The DRM provisions of the Perform Act are based on the reasoning that modern devices that allow consumers to record songs, create their own playlists and listen to music in whatever order they wish would amount to a distribution of music and displace record sales. Thus, any digital broadcast of an audio recording must be protected using technological protection measures.
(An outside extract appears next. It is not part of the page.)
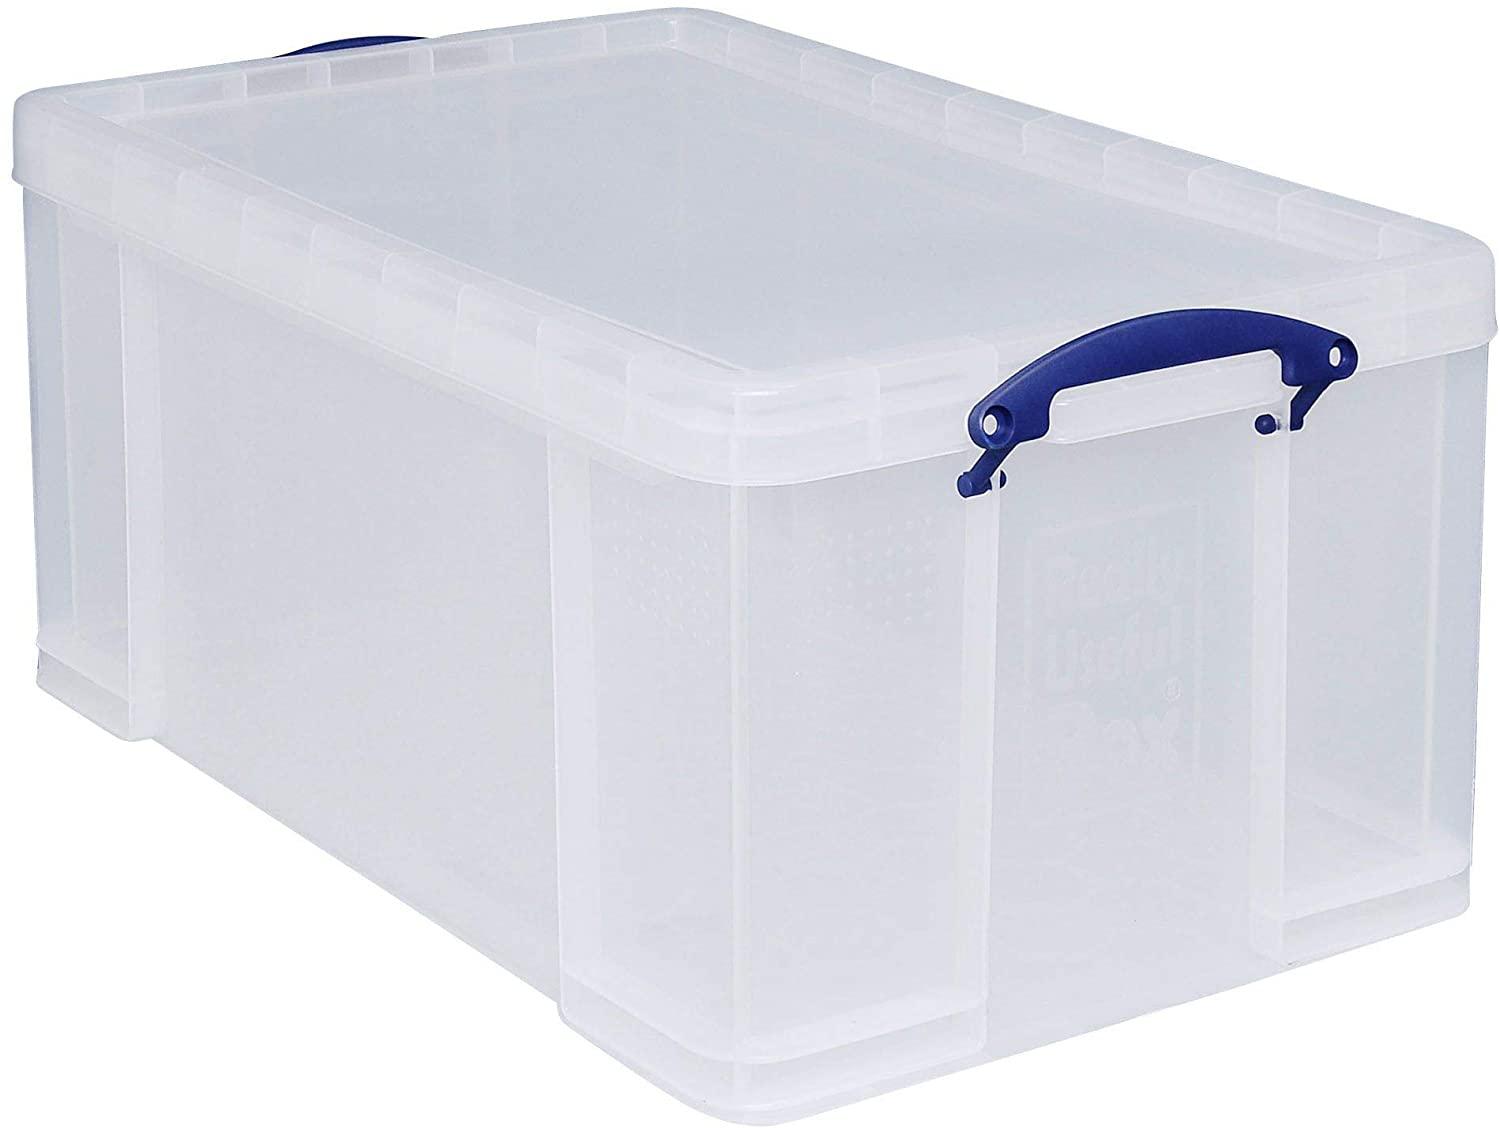 für Ordnen und Aufbewahren 710 x 440 x 310 mm Really Useful Box 2 Stück 64 Liter transparent

The reasoning seems to be specifically targeted at XM’s portable receiver called the inno.

The Performance Rights Act

The Performance Rights Act of 2007 was introduced in the House and Senate on December 18, 2007. Both bills would require over-the-air broadcasters to pay a performance license to labels and performers, as is the case for satellite, cable and Internet radio services. They would subject broadcasters to the same statutory license as webcasters and satellite radio services. However, the bills would still treat traditional broadcasters more favorably than satellite or Internet radio service providers by not requiring them to abide by all the conditions that the other services have to abide by in order to be eligible for the statutory license. The bills seek to alleviate any burden the license may cause on non-commercial and small radio stations by giving them a flat fee option.

The bills are a good first step towards achieving parity. However, they would fail to level the playing field among all providers of music services by not addressing the disparities in rate setting procedures. Also, they would not ensure that an artist’s share of the revenues is not used by record labels to “recoup” their advances—a remnant of the music industry’s archaic contract structure. The Perform Act has passed the House Subcommittee on Courts, the Internet and Intellectual Property.